8. The transparent conductive laminate body according to claim 1, wherein a thickness of the conductive metal pattern layer is from 30 nm to 1,000 nm.

9. The transparent conductive laminate body according to claim 1, wherein a thickness of the conductive metal pattern layer is from 40 nm to 800 nm.

10. The transparent conductive laminate body according to claim 1, wherein an aperture ratio of the conductive metal pattern layer is from 80% or more and less than 100%.

11. The transparent conductive laminate body according to claim 1, wherein an aperture ratio of the conductive metal pattern layer is from 90% or more and less than 100%.

12. The transparent conductive laminate body according to claim 1, wherein an aperture ratio of the conductive metal pattern layer is from 95% or more and less than 100%.

13. The transparent conductive laminate body according to claim 1, wherein a pitch of the aperture of the conductive metal pattern layer is from 1 to 3,000 μm.

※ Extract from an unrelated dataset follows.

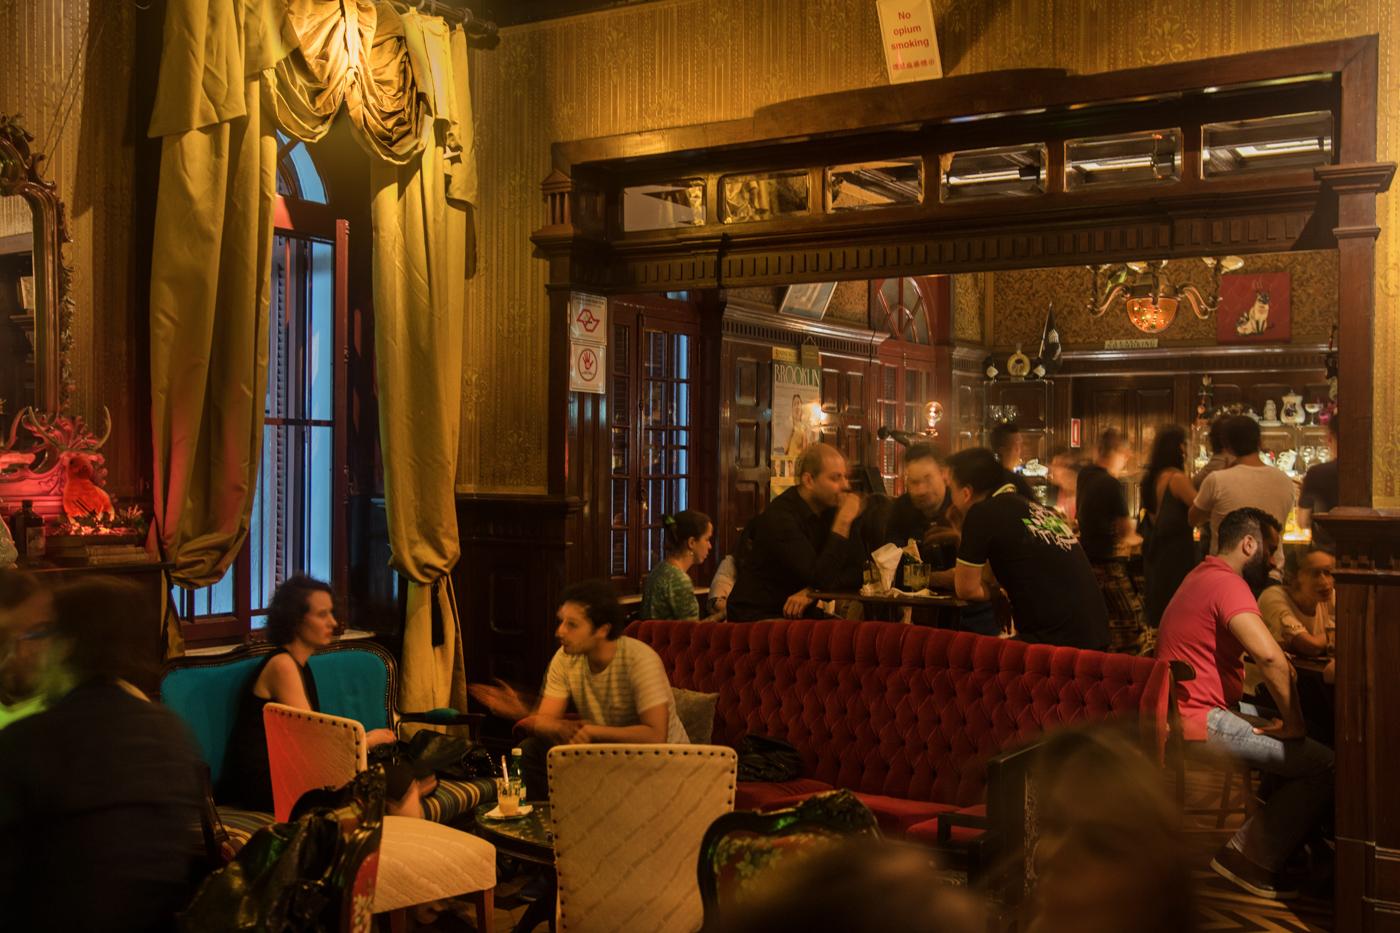 Conheça o Drosophyla, um bar cheio de charme no centro de São Paulo

14. The transparent conductive laminate body according to claim 1, wherein a pitch of the aperture of the conductive metal pattern layer is from 5 to 2,000 μm.

15. The transparent conductive laminate body according to claim 1, wherein a pitch of the aperture of the conductive metal pattern layer is from 10 to 1,500 μm.

16. The transparent conductive laminate body according to claim 1, wherein a thickness of the conductive organic layer is from 5 to 1,000 nm.

17. The transparent conductive laminate body according to claim 1, wherein a thickness of the conductive organic layer is from 30 to 300 nm.

18. The transparent conductive laminate body according to claim 1, wherein a surface resistivity of the conductive organic layer itself is from 1 to 1.0×10⁹Ω per square.

19. The transparent conductive laminate body according to claim 1, wherein the transparent conductive laminate body has a surface resistivity of from 1 to 1.0×10⁹Ω per square.

20. The transparent conductive laminate body according to claim 1, wherein the transparent conductive laminate body has a surface resistivity of from 1 to 1.0×10³Ω per square.